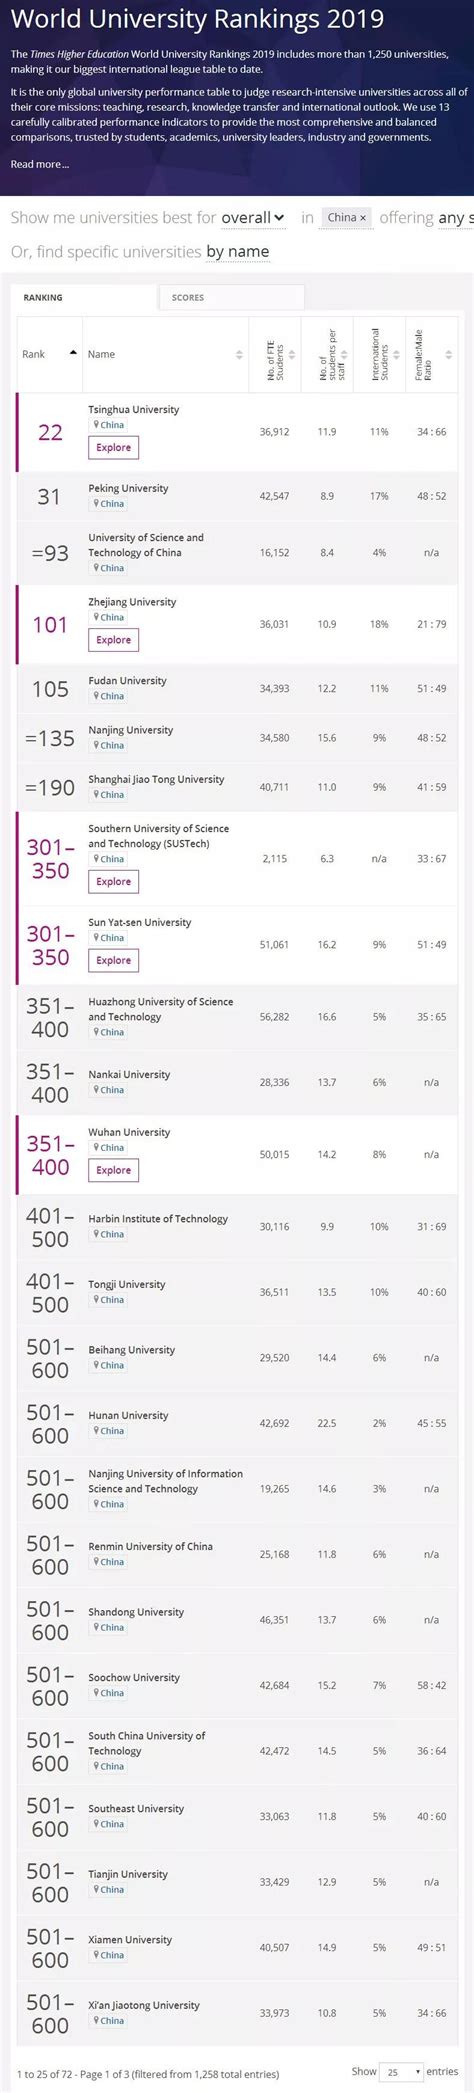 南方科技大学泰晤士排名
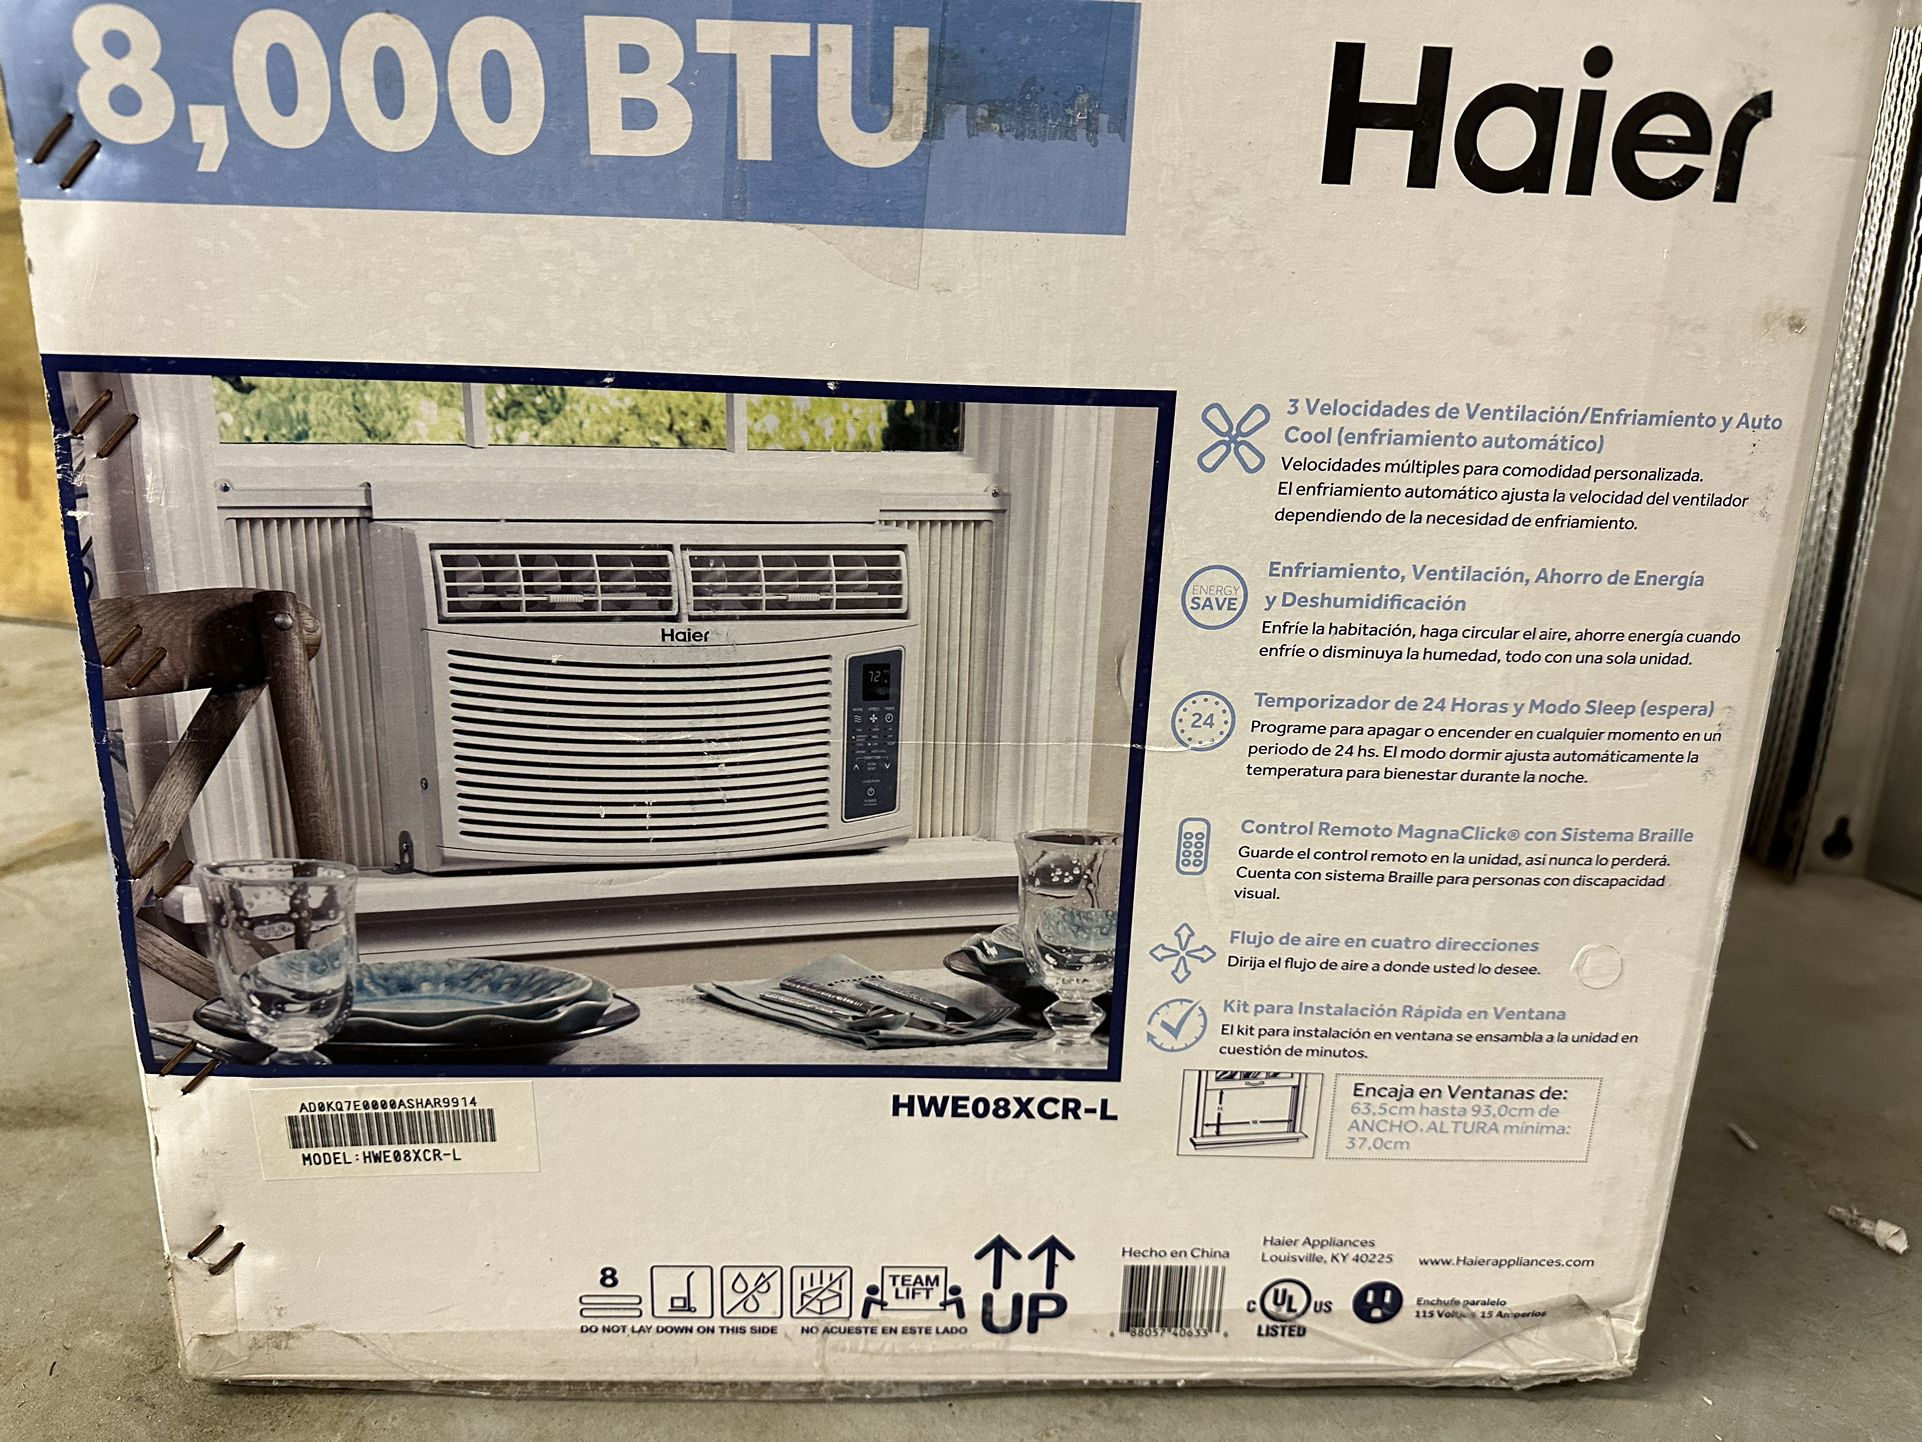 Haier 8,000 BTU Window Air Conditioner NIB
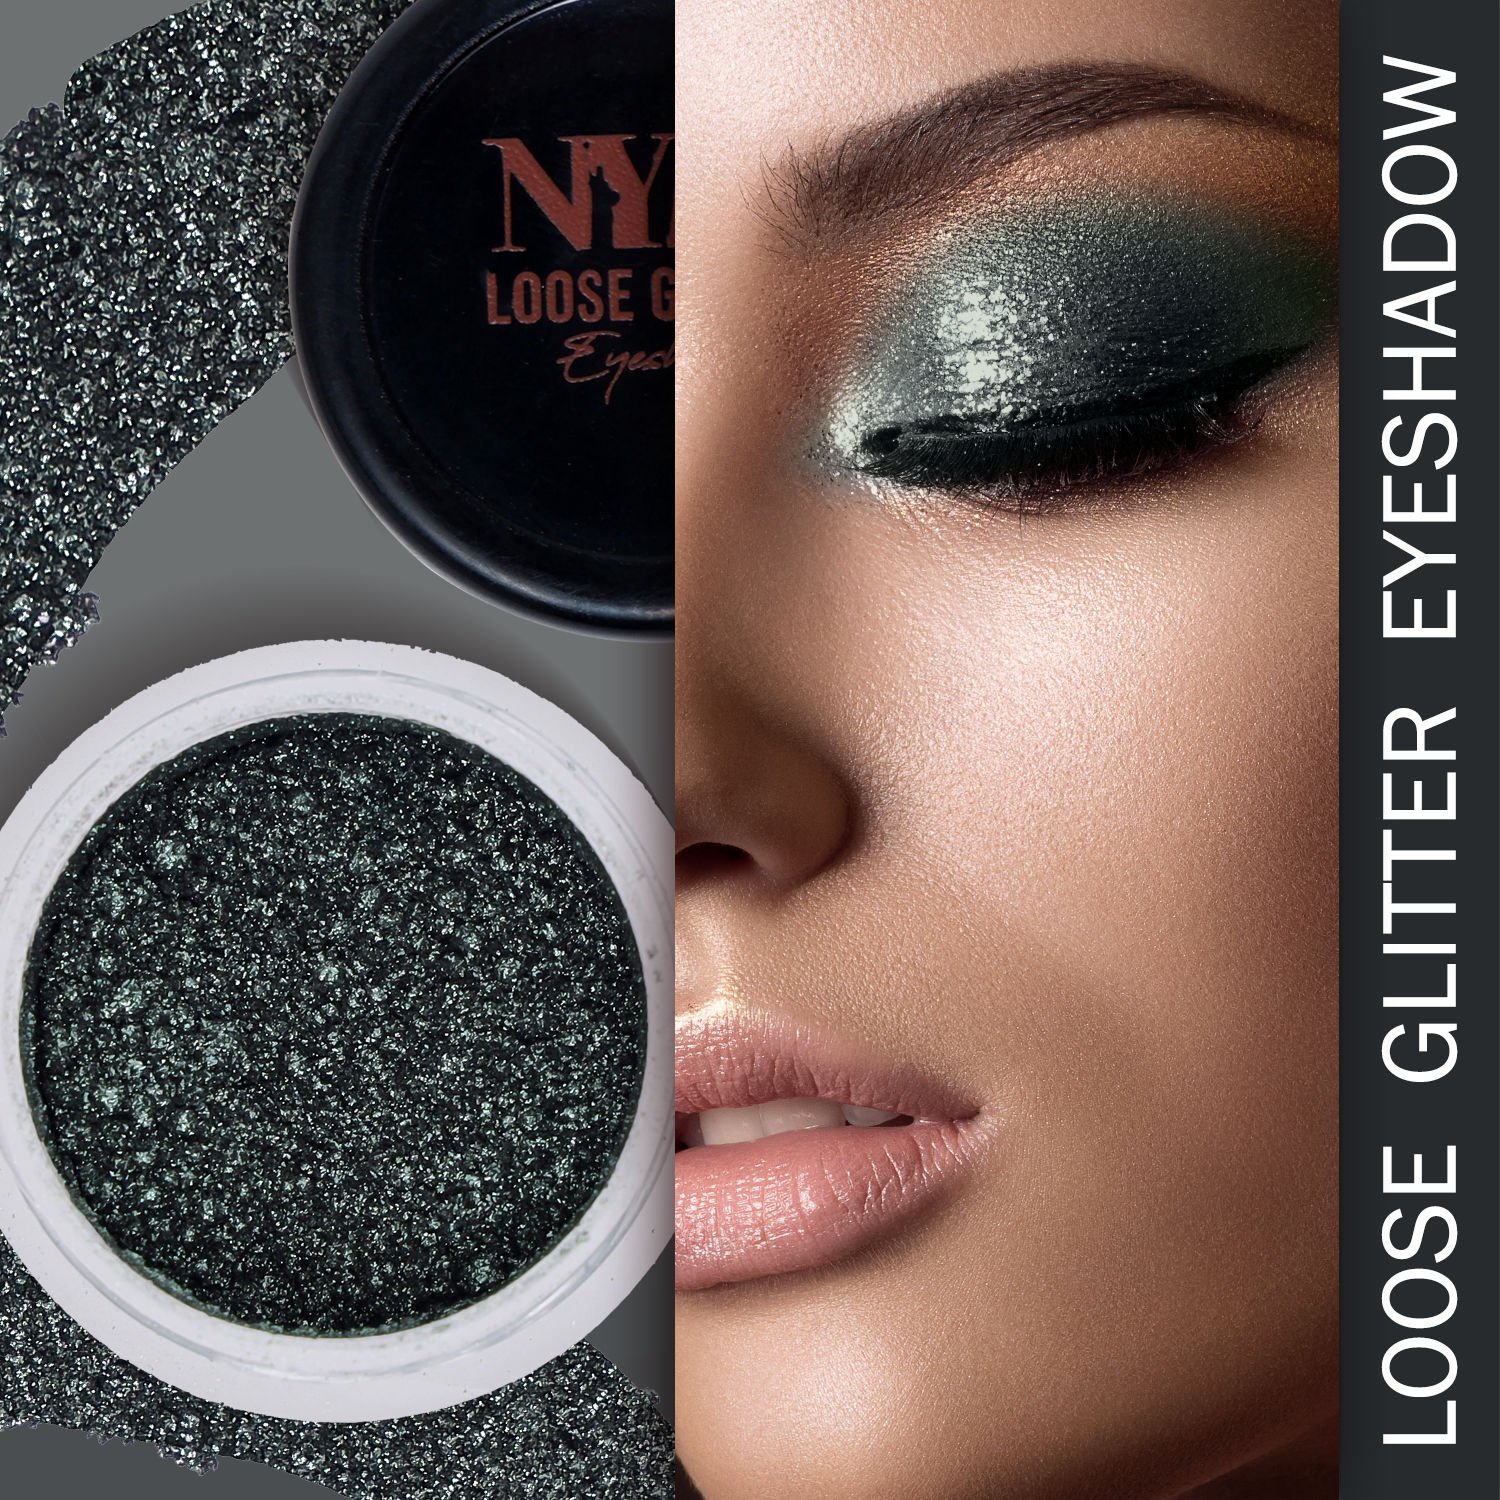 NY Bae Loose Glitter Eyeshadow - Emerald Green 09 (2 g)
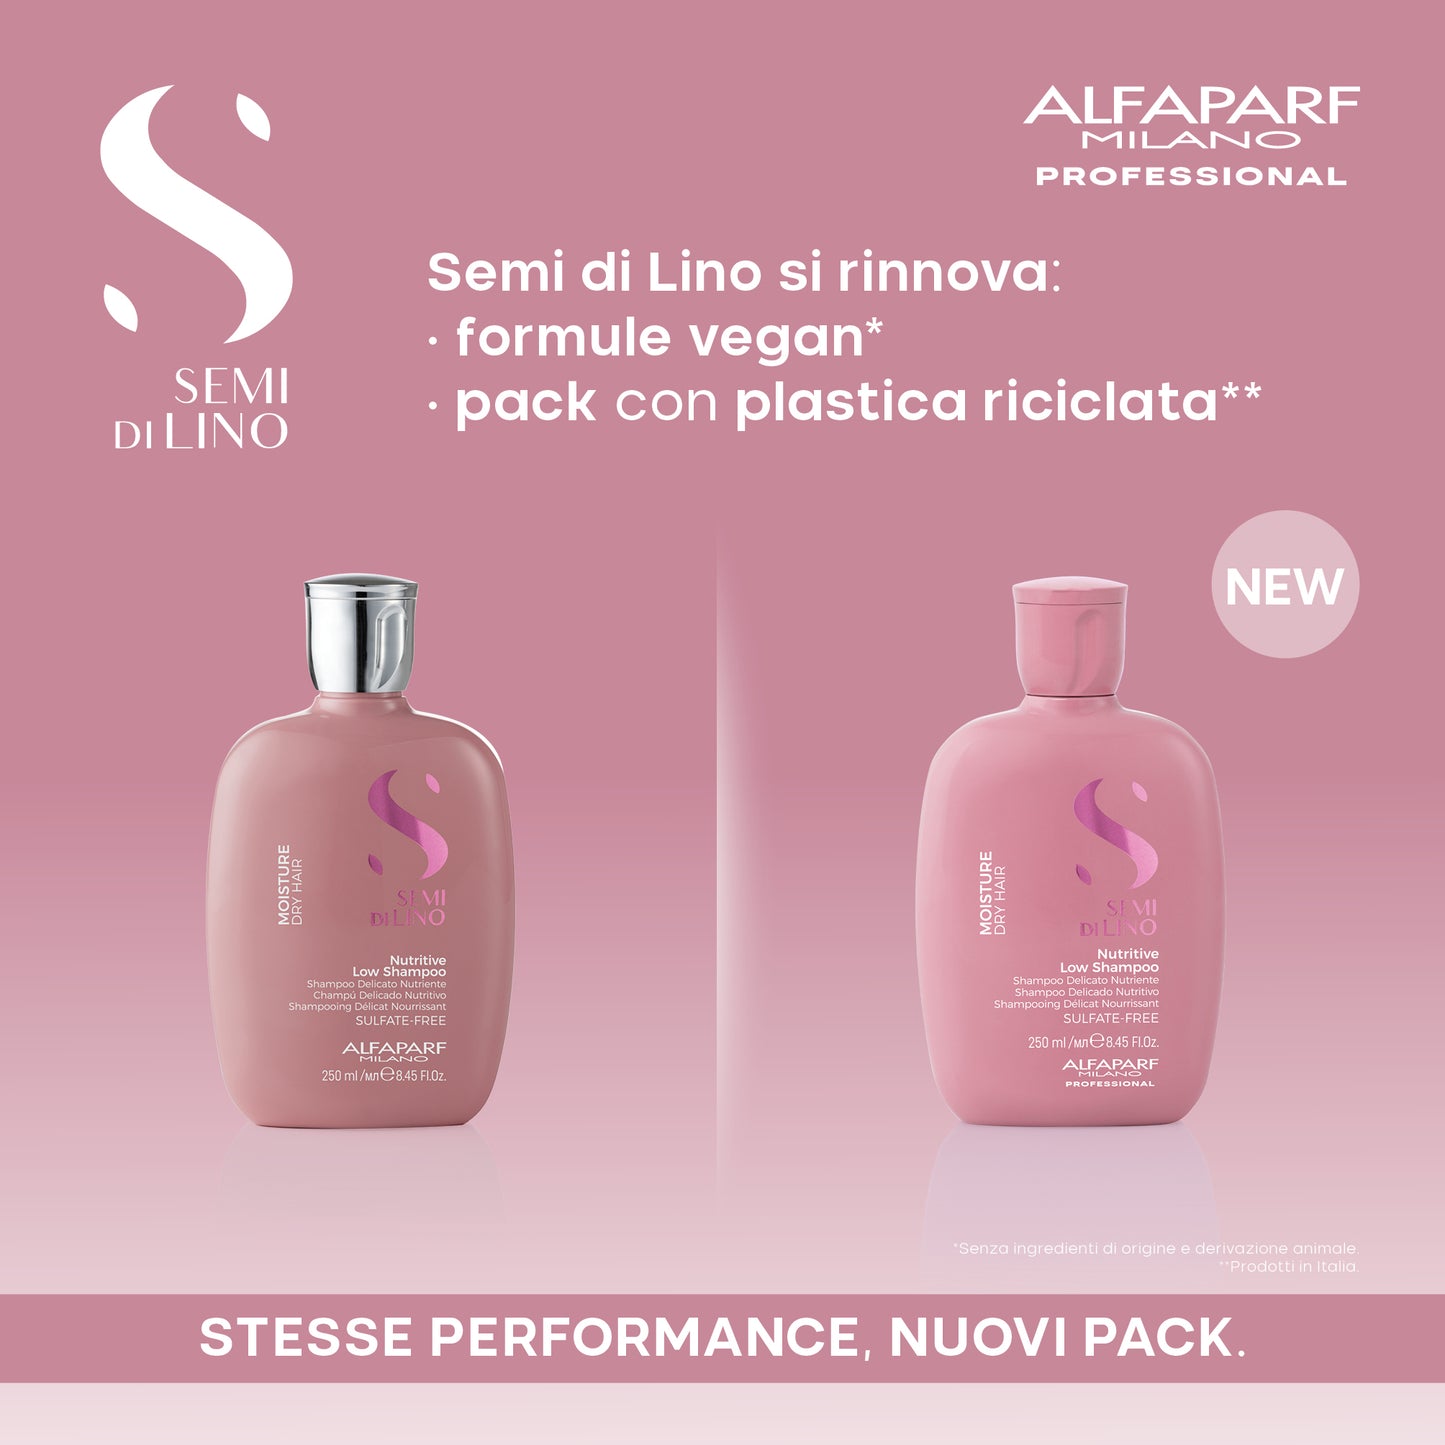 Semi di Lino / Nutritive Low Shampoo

_Task to carry out:_ Wherever a picture appears in the data, please drop it and retype the rest exactly.

_Exercise answer:_
 南方科技大学泰晤士排名
 Haier 8,000 BTU Window Air Conditioner NIB
 NY Bae Loose Glitter Eyeshadow - Emerald Green 09 (2 g)
 Semi di Lino / Nutritive Low Shampoo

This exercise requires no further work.